• **What is expected**: Transcribe only part of the material below: the lines from the one containing "考研寒假班英语一-02.png" through the one containing "Royal wedding 2, le", inclusive, exactly as written.

Start of Data shown

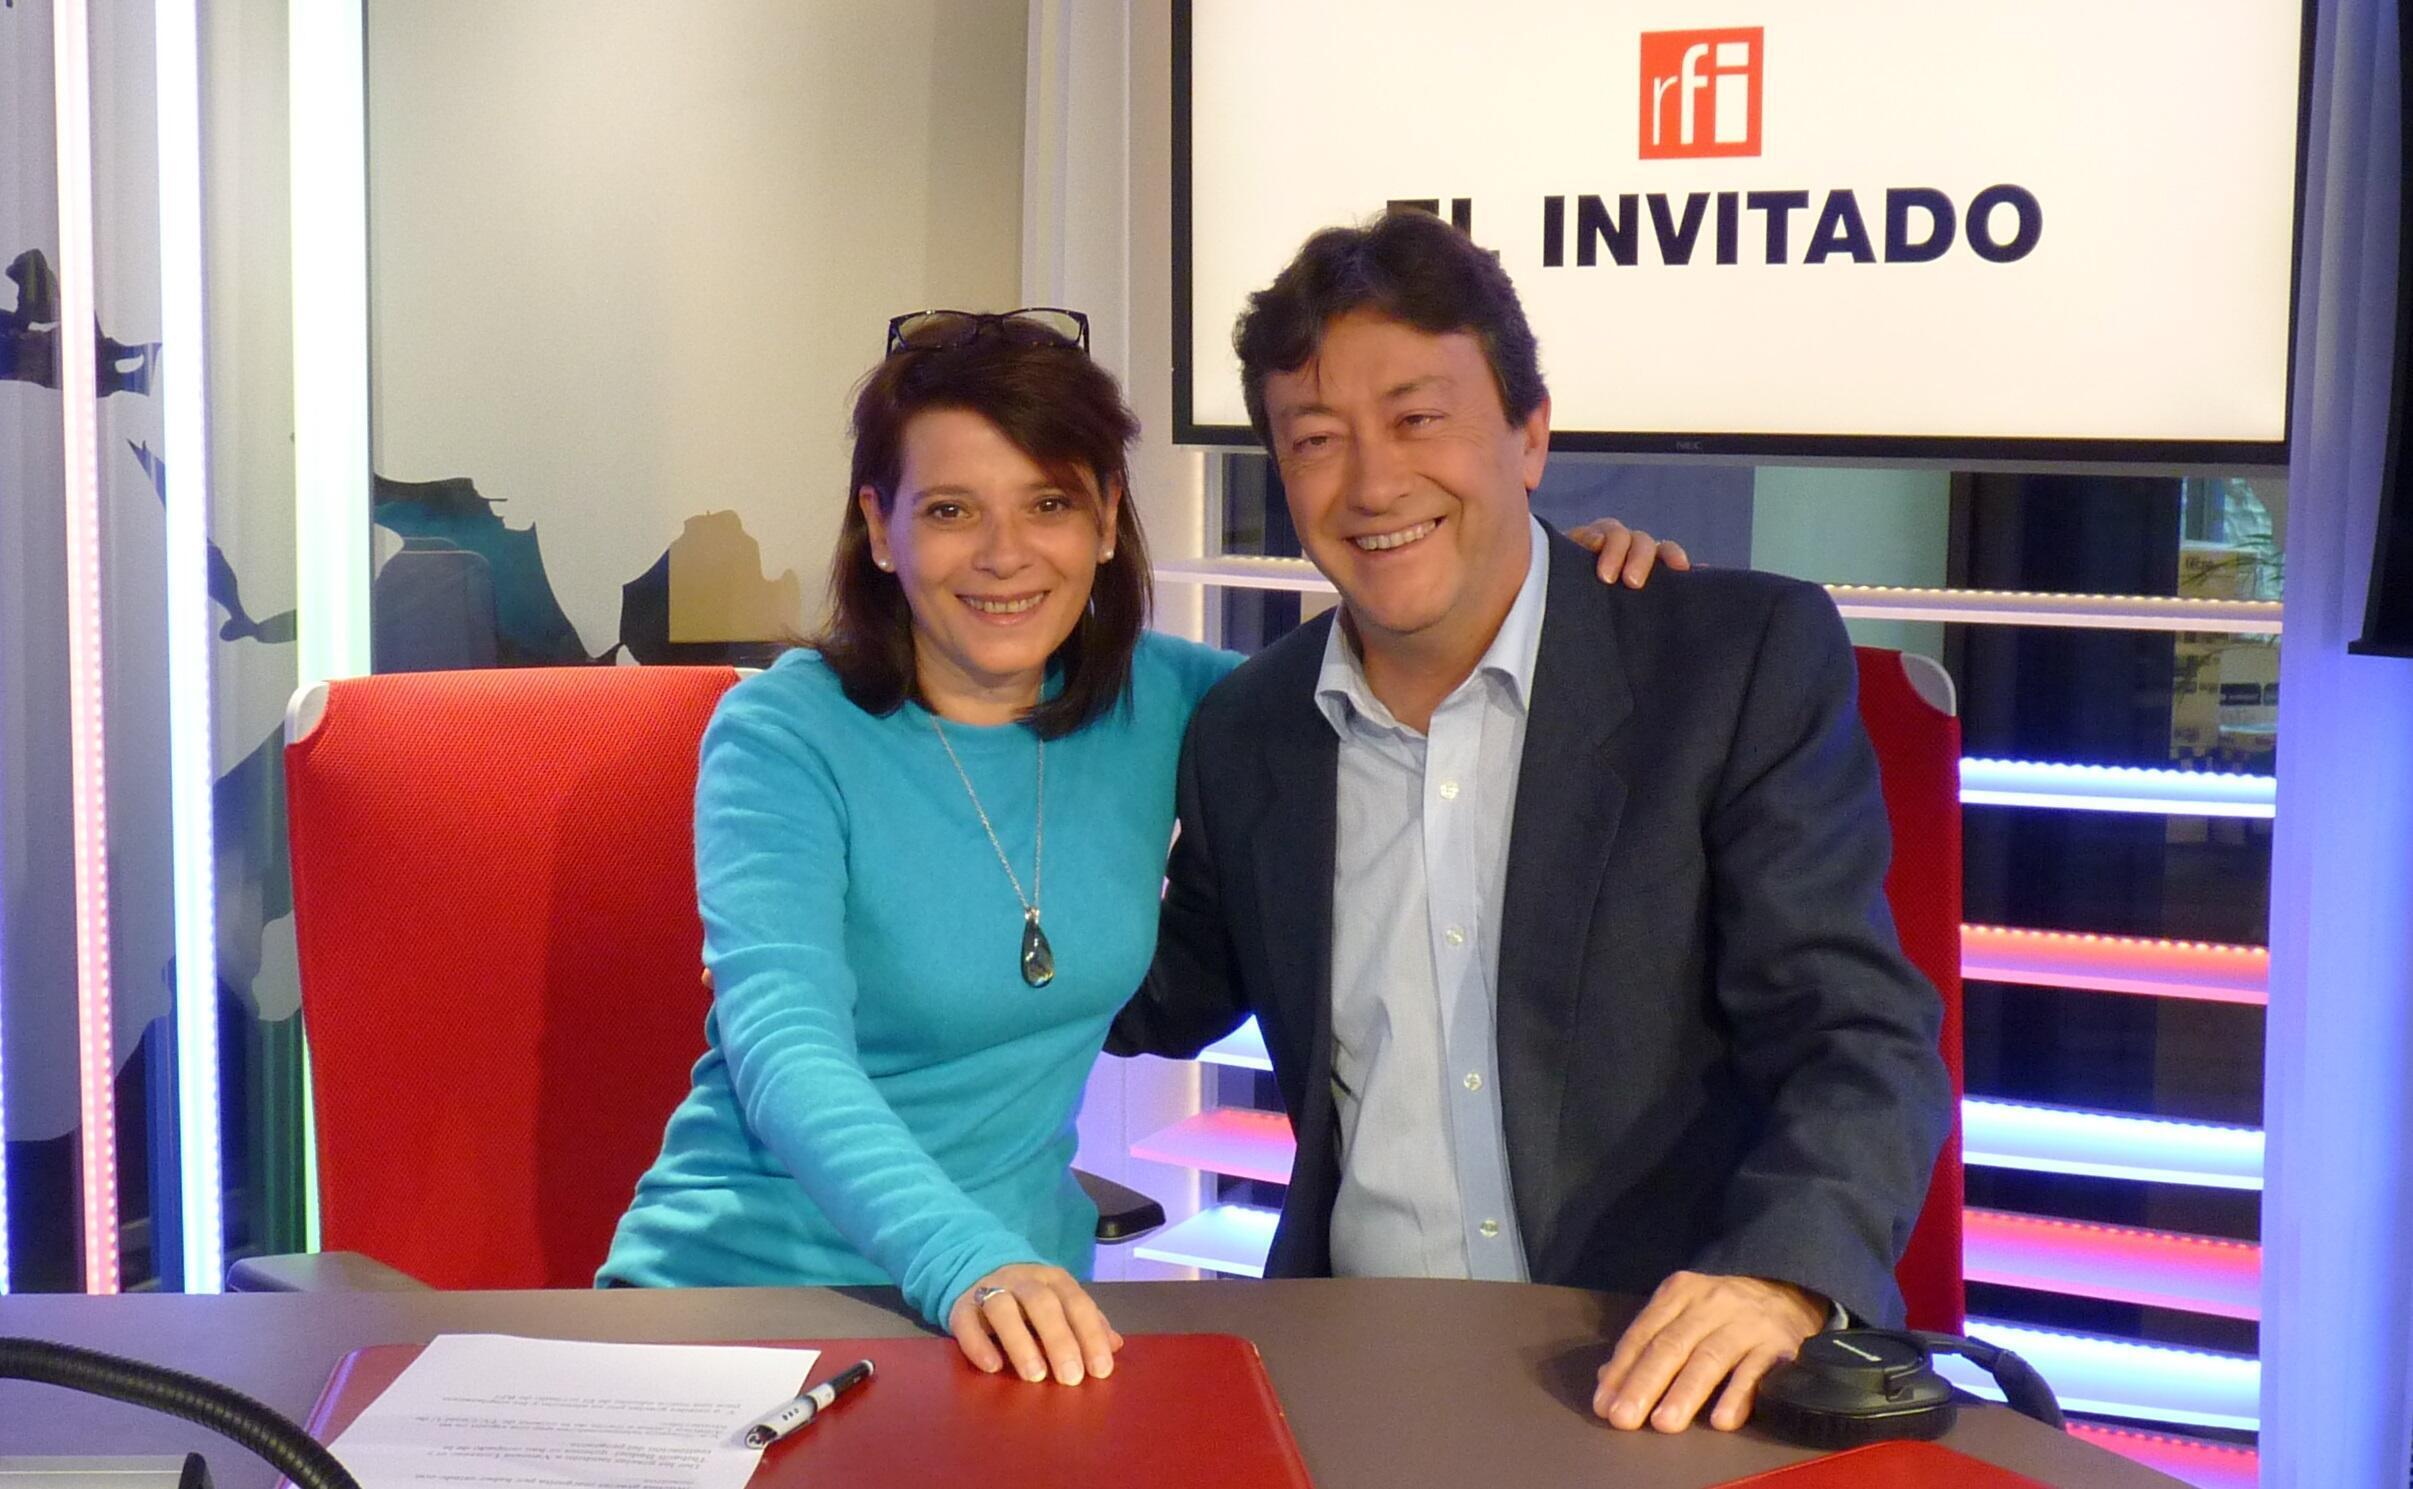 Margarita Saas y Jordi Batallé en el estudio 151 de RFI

End of Data shown
Start of Data shown

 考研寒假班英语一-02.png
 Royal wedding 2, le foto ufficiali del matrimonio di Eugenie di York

End of Data shown

• **Solution to this task**:
 考研寒假班英语一-02.png
 Royal wedding 2, le foto ufficiali del matrimonio di Eugenie di York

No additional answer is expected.